The New Amnesia
When it comes to terrorism, our memories are either too short or too long. Too short given that, in the absence of a recent attack, we try to convince ourselves that either it can’t or won’t happen again or that our response to the last one was perhaps exaggerated or excessive or even hyped by politics and emotion.
Paradoxically, our memories can also be too long in that we often draw the wrong lessons from the last incident: believing that we can somehow wrap ourselves in a protective security blanket through bureaucratic reorganization, redundancy, and expenditure and thus shield ourselves from some new attack.
Each of these has been the subject of a past blog and requires no further explication. Rather, the current offering is meant to reflect on my observations from this same day nine years ago, when I drove up to New York City from Washington, DC for the first time since the September 11 attacks.
At the time, the then-editor-in-chief of The Atlantic Monthly, Michael Kelly, and my old friend, Benjamin C. Schwarz, the magazine’s literary editor and national editor, had asked me to keep a daily journal at the start of what they rightly guessed would be a long war.
I never kept it. A combination of the intense work pressures of that febrile, and profoundly melancholy, time combined with the nature of the work I was doing left no opportunity or scope for journal writing.
I did, though, make an inchoate attempt before abandoning the effort, and the two journal entries that follow below were the first and only two that I made.
They came to mind last night as I was reading Bob Woodward’s latest book, Obama’s Wars, which was published on Monday.
The book’s discussion of the debates and framing of the Obama administration’s Afghanistan policy suggests that it’s evidently easier now to tolerate a terrorist attack and its aftermath then it was then. Woodward quotes President Obama in an on-the-record interview from July stating, “We can absorb a terrorist attack. We’ll do everything we can to prevent it, but even a 9/11, even the biggest attack ever . . . we absorbed it and we are stronger.”
Perhaps. But when I reread my lone two journal entries for September 2001 I was left with a profound disquiet born of the events from nine years ago when our world was turned upside down and a handful of repugnant, odious terrorists changed the course of history.
Saturday, September 29th 2001
Driving up to NYC through NJ Meadowlands and gazing in awe that there are no twin towers. It is remarkable how prominent a place those buildings played in the lives of those who visited as well as lived in NYC. Last night my wife was combing through family photographs to put together a scrapbook for my father's 80th birthday celebration [BH note of 9/29/10: the reason for my trip to New York City that weekend] and we were amazed how many family snaps there were with the WTC as a backdrop. None intentional. I could hardly have really focused on the WTC before. It is just testament to the extent that the Twin Towers overshadowed and dominated NYC. It was impossible, I realized, to visit the Statue of Liberty, Ellis Island or take the Circle Line cruise around Manhattan and not have at least one photo from each with the WTC in the background.
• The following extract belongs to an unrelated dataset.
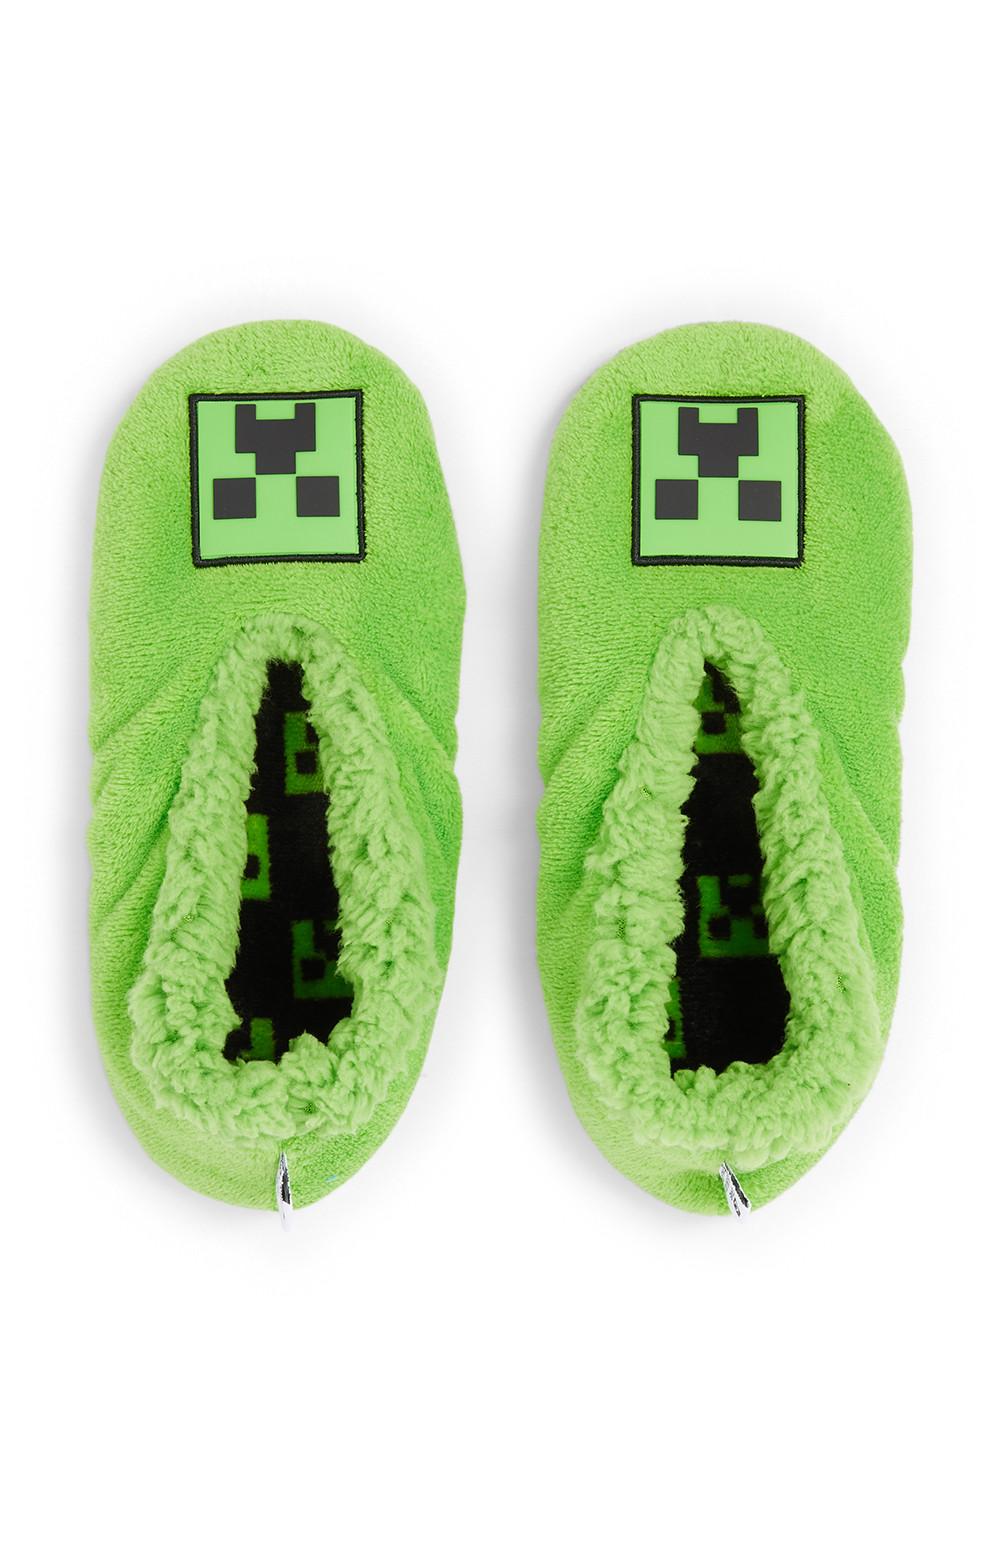 minecraft slippers boys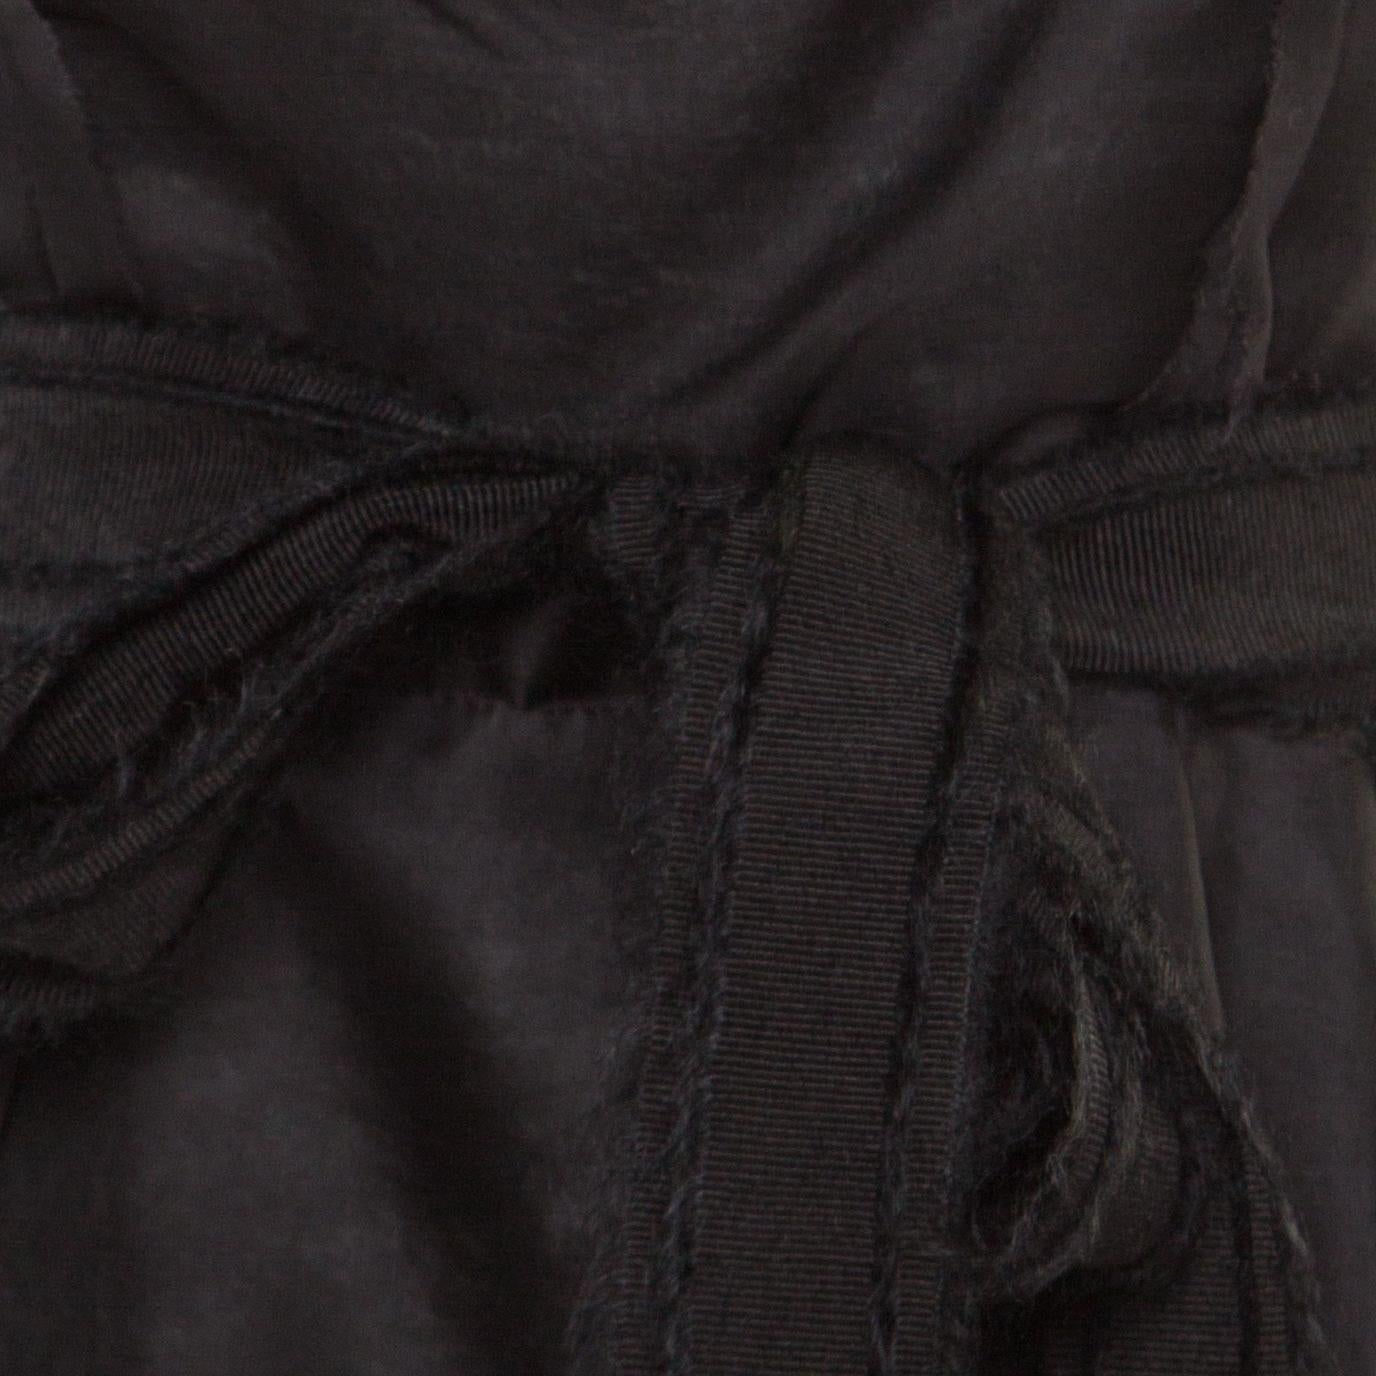 Lanvin Black Silk Organza Raw Edge Detail Sheer Yoke Layered Dress S 1

NYC is a changed place. More reminiscent of Europe at the height of their terrorism travails than the NYC I grew up in. Policemen at almost every corner; the streets around the Port Authority bus terminal blocked off and then lower Manhattan: almost too depressing for words. The West Side Highway closed below 40th Street and all traffic barred below Canal Street. All the north-south streets closed--Church, Broadway, West Broadway: blocked off with blue NYPD saw horses and guarded by phalanxes of police and state troopers. Only emergency services, residents and deliveries allowed and all trucks searched. In fact, before entering the Lincoln Tunnel, police were stationed next to the E-Z Pass lanes and were stopping vans and panel trucks and searching them. For a New Yorker (by birth): amazing. Most saddening are the endless posters pasted on lamp posts and the sides of buildings in lower Manhattan: put there by relatives and friends searching for their loved ones.
My mother, a life-long New Yorker, just remarked to my wife, "The city's sad, isn't it? The flashing lights on police cars, the saw horses and the skyline, for the first time in my life, I just don’t like coming into Manhattan."
Every store has a flag in it; almost every car displayed a flag decal.
It's the first time in my life I've ever seen the city sullen. Almost humiliated or embarrassed at having suffered so dramatic a blow to its beloved icons.
Sunday, September 30th 2001
Autumn came to NYC this morning. The sky was gray and a chill wind whipped through the streets. Somber to compliment the melancholy in evidence yesterday was how the city seemed. The fact that it seemed empty only contributed to the feeling of suspended animation. This wasn't entirely surprising given that I had awakened before 7:00am on an unappealing Sunday morning and was out the door of my hotel room shortly after to go down to what is now known as "ground zero"--the spot where the WTC once stood.